* Data excerpt *
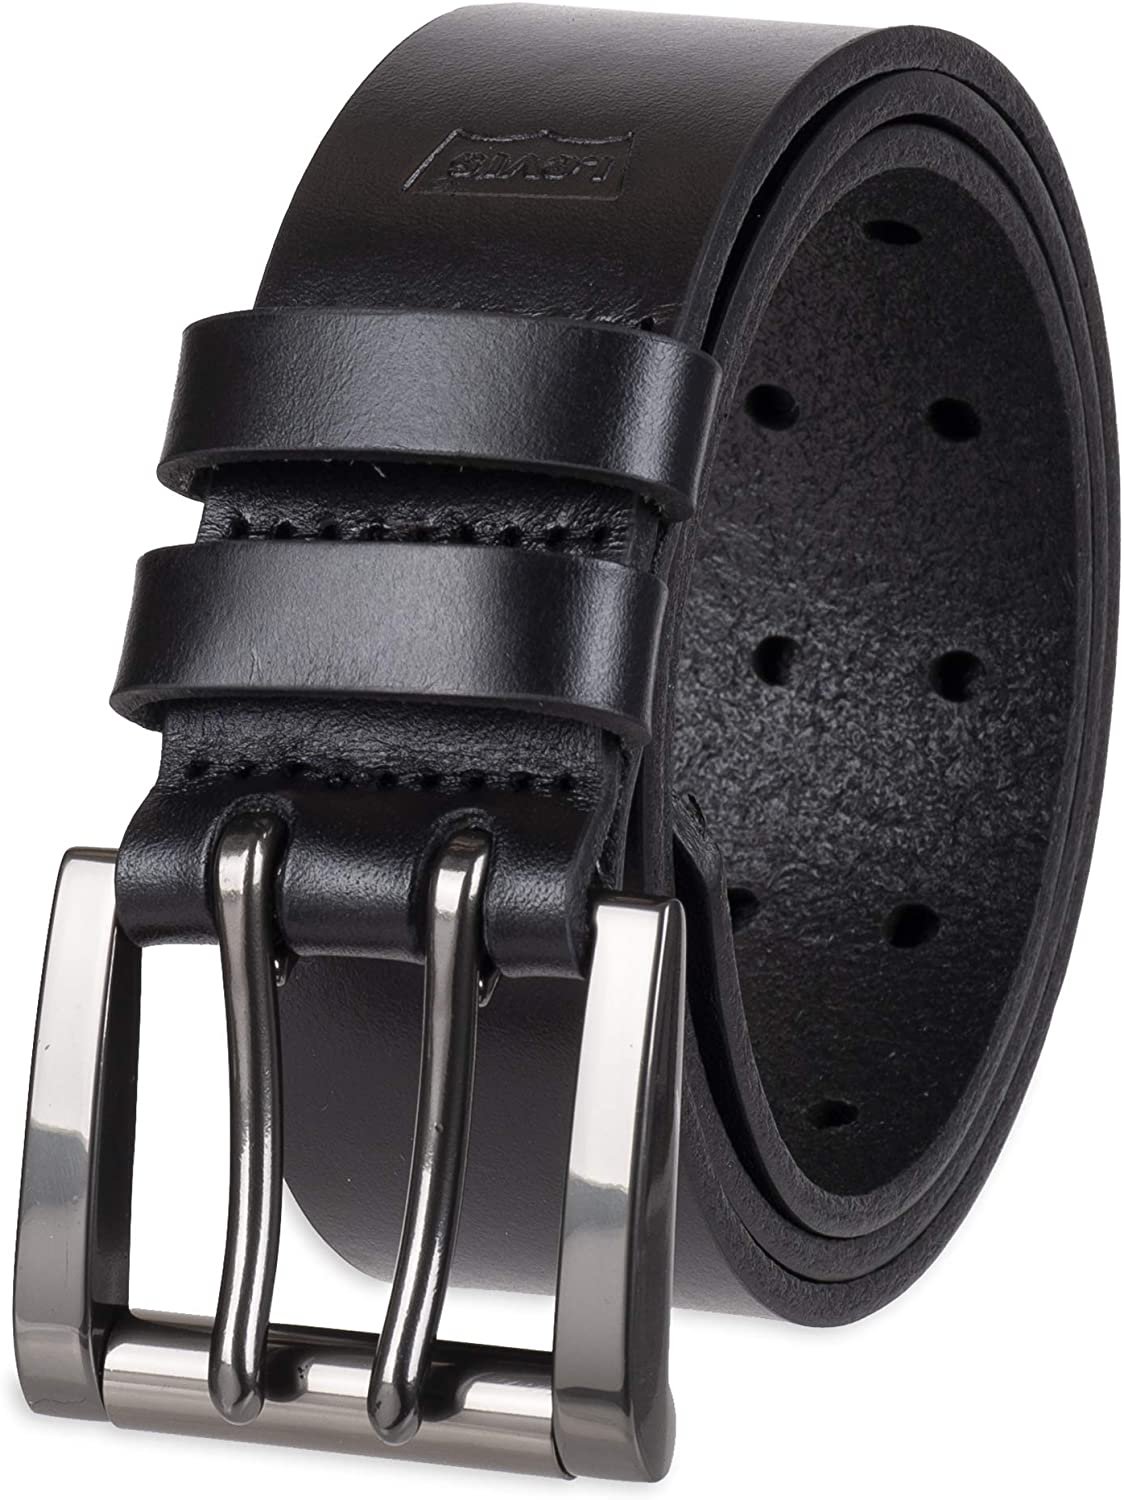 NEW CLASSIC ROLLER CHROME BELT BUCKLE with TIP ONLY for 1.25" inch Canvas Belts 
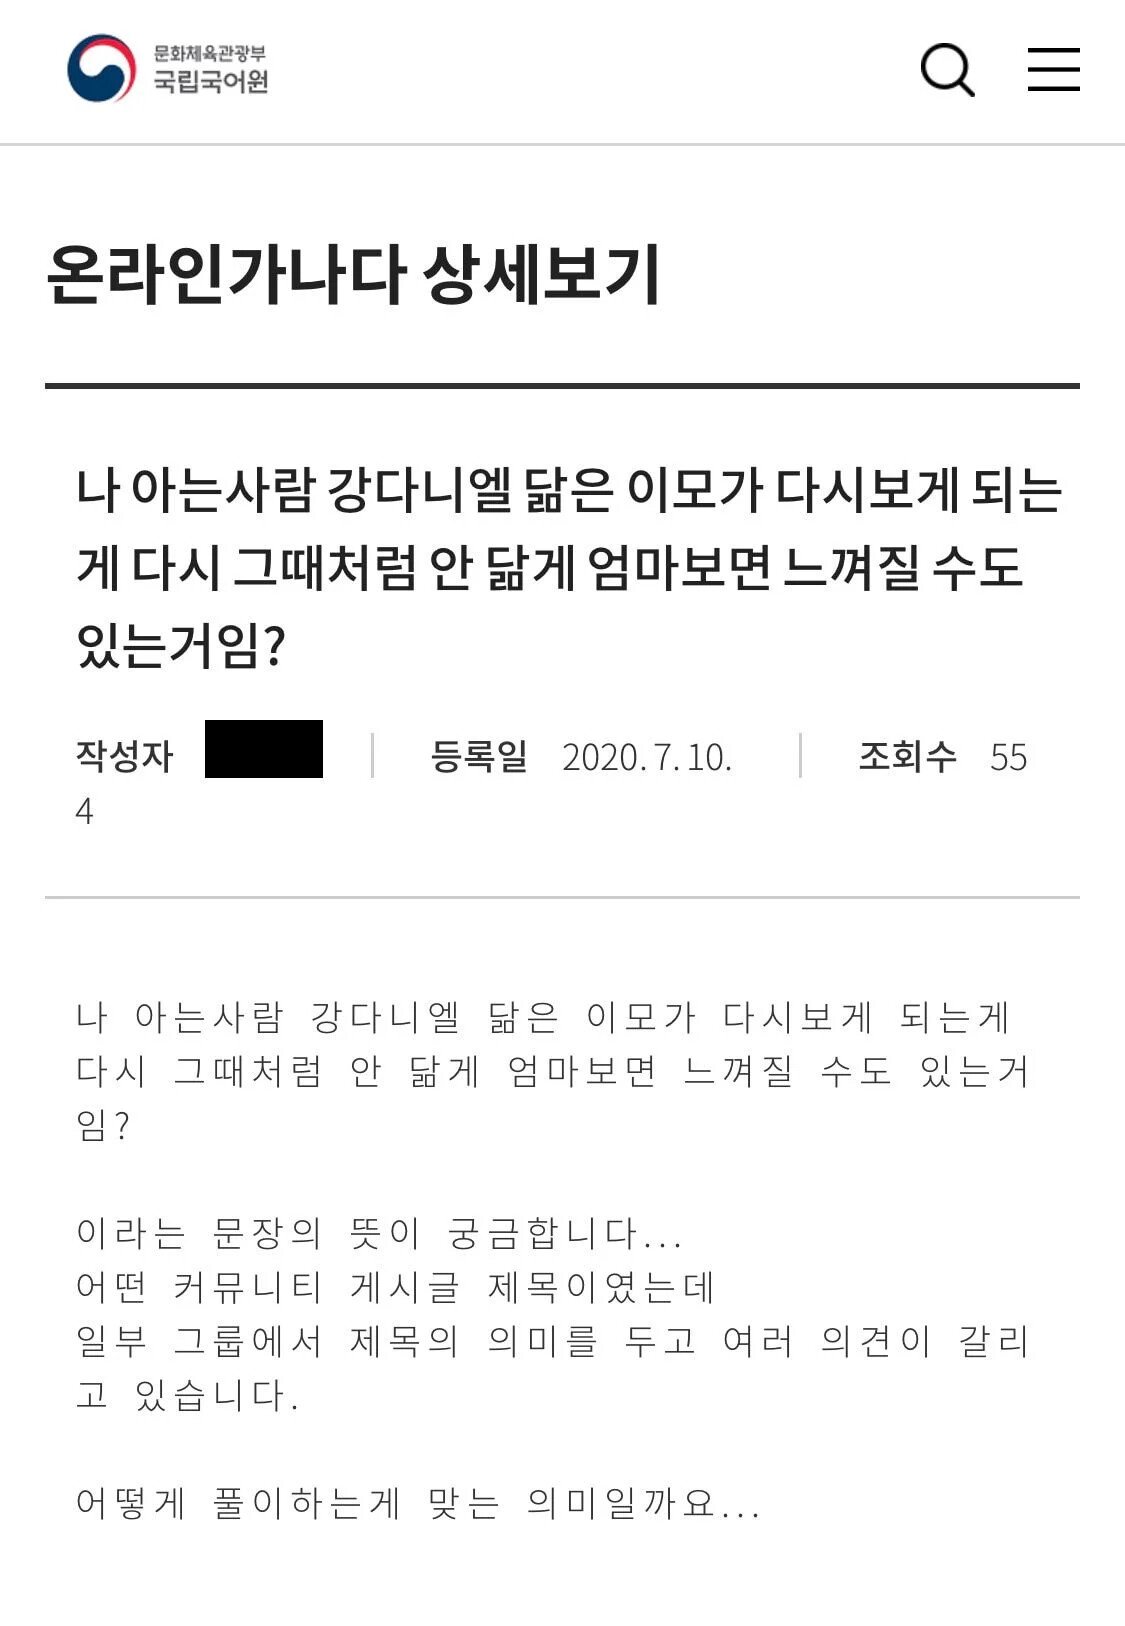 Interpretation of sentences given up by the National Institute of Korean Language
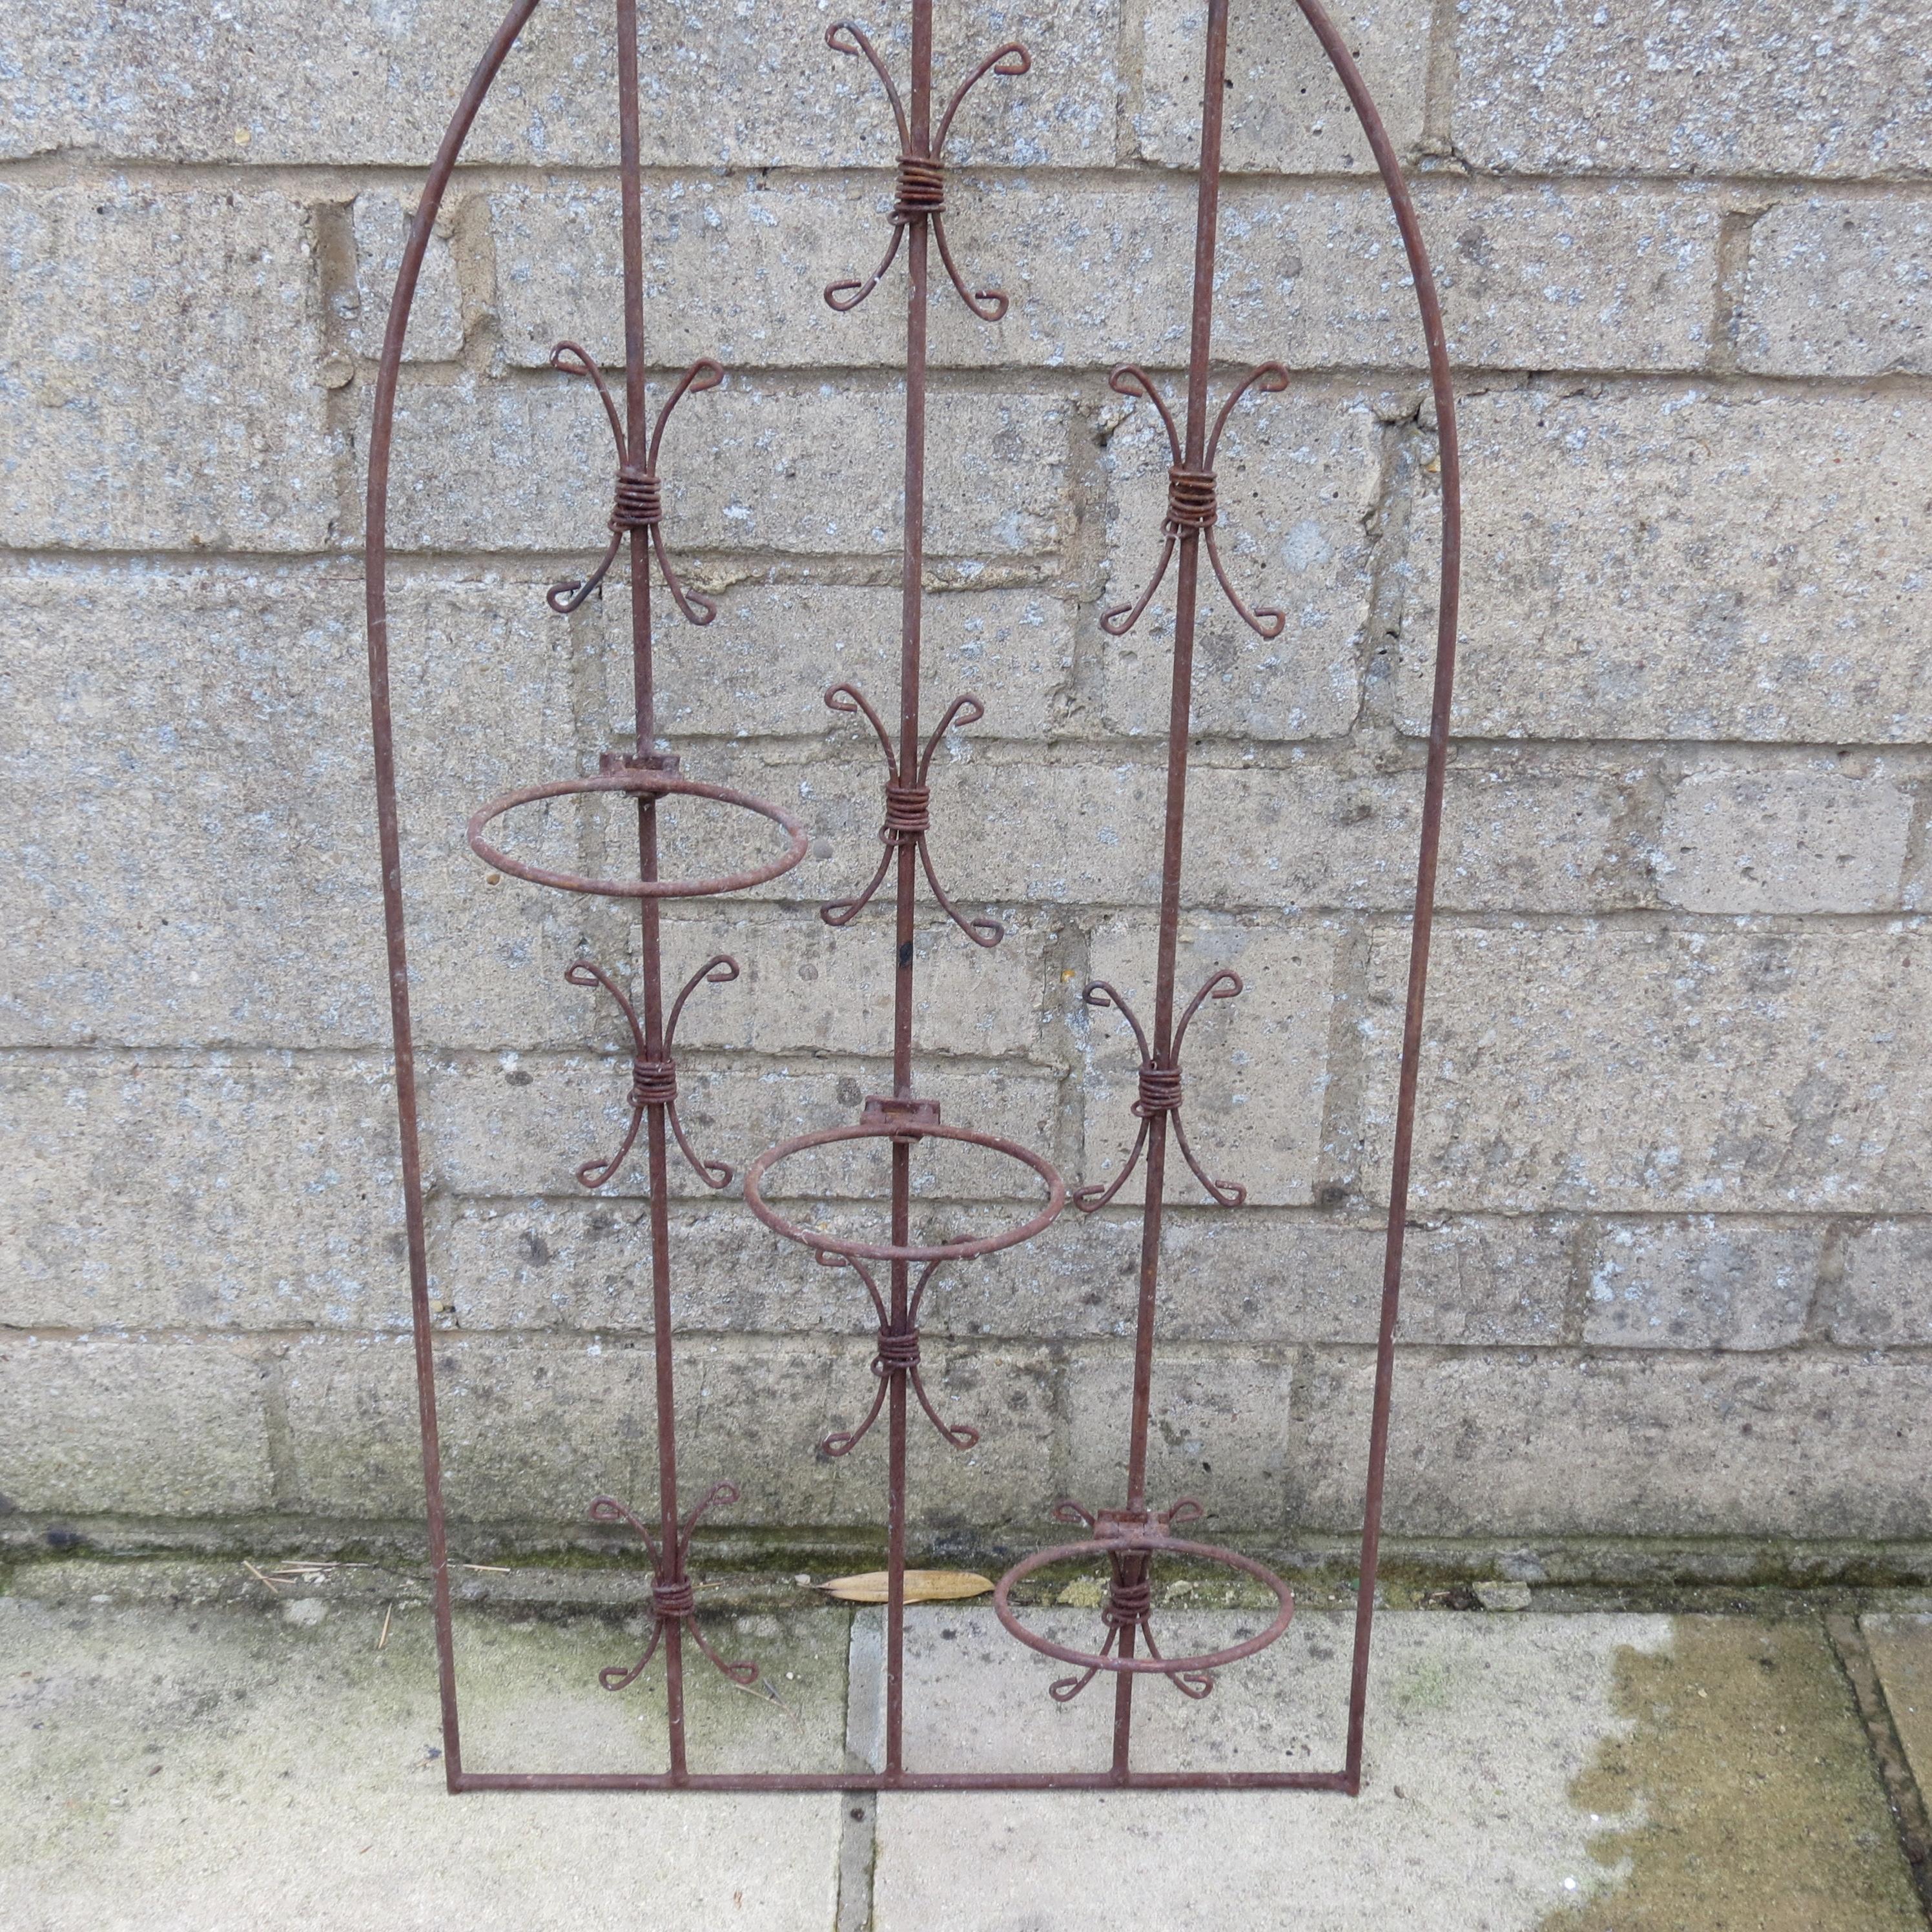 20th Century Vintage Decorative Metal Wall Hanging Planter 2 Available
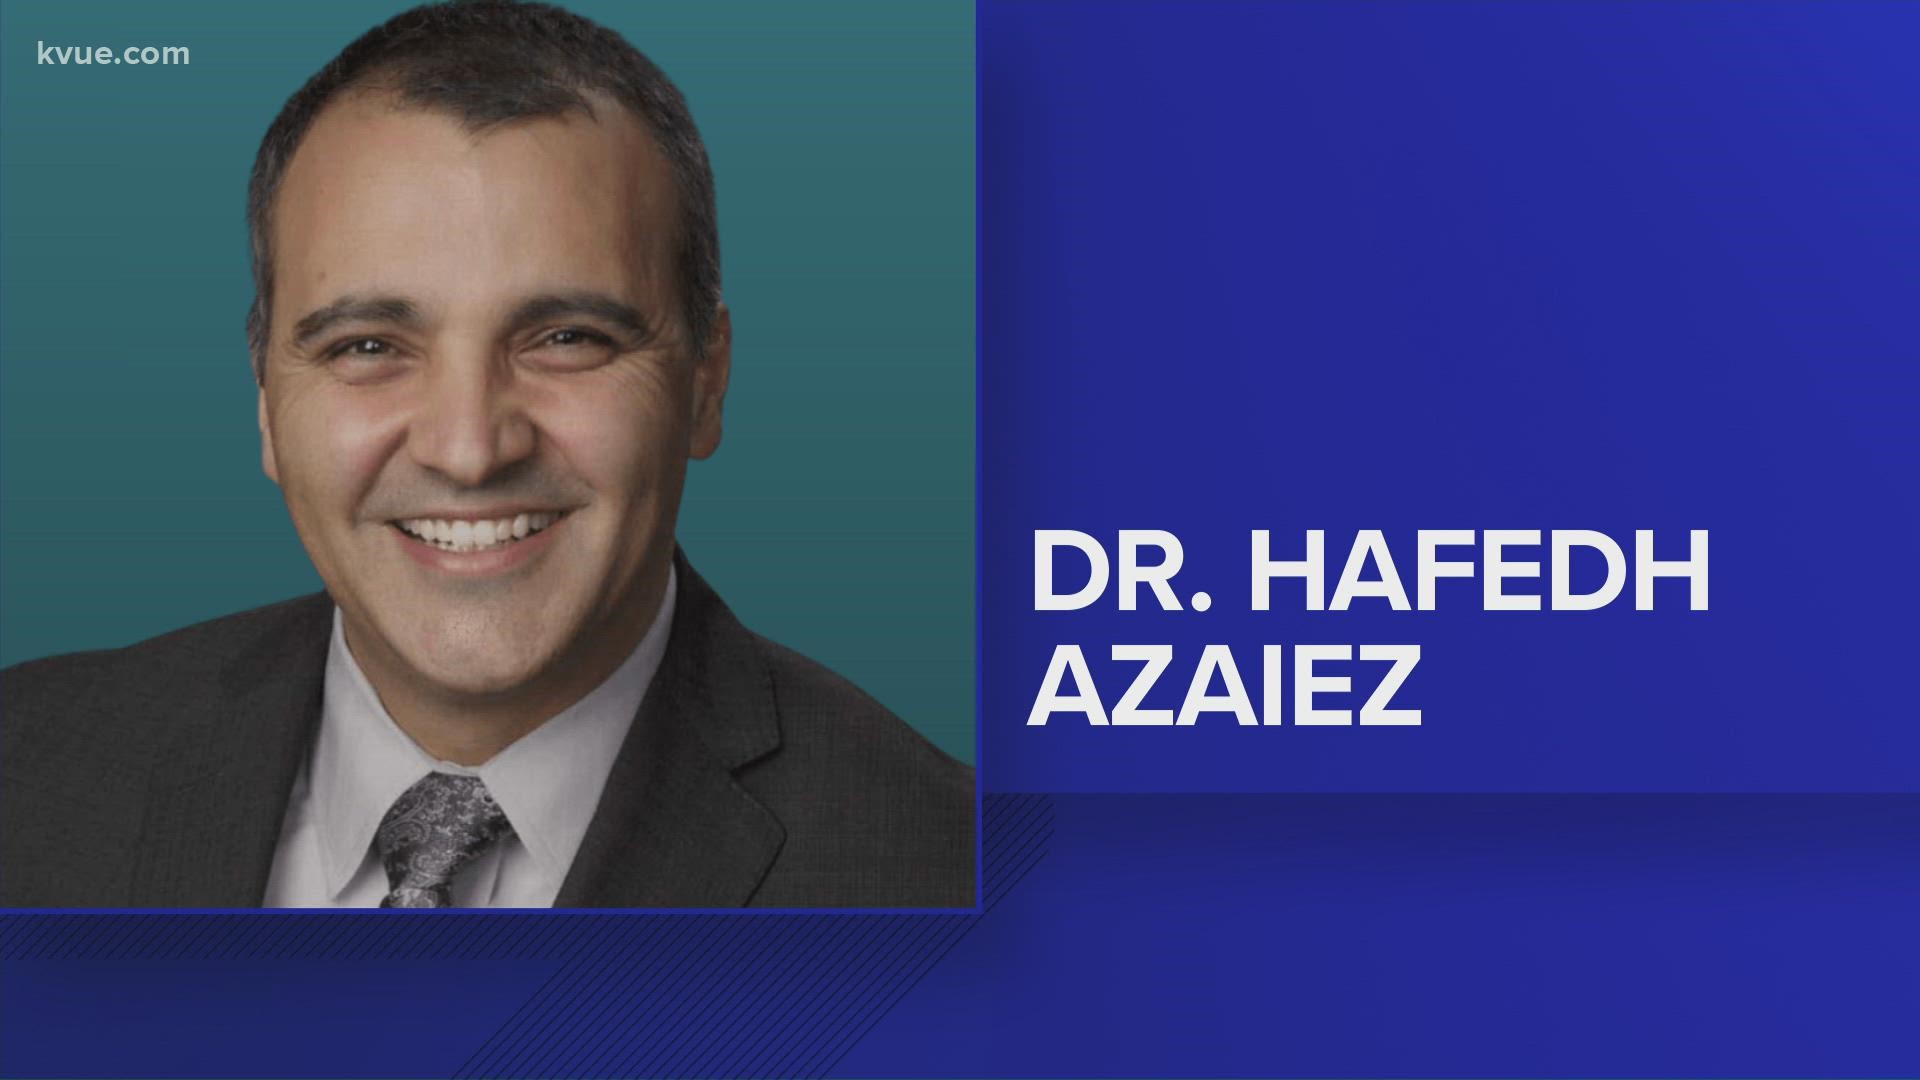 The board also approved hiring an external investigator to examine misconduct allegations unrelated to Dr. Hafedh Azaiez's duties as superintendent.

* Exercise prompt *
An exact repeat of the listing above, pictures excluded, is the answer.

* Task result *
 NEW CLASSIC ROLLER CHROME BELT BUCKLE with TIP ONLY for 1.25" inch Canvas Belts 
 Interpretation of sentences given up by the National Institute of Korean Language
 20th Century Vintage Decorative Metal Wall Hanging Planter 2 Available
 The board also approved hiring an external investigator to examine misconduct allegations unrelated to Dr. Hafedh Azaiez's duties as superintendent.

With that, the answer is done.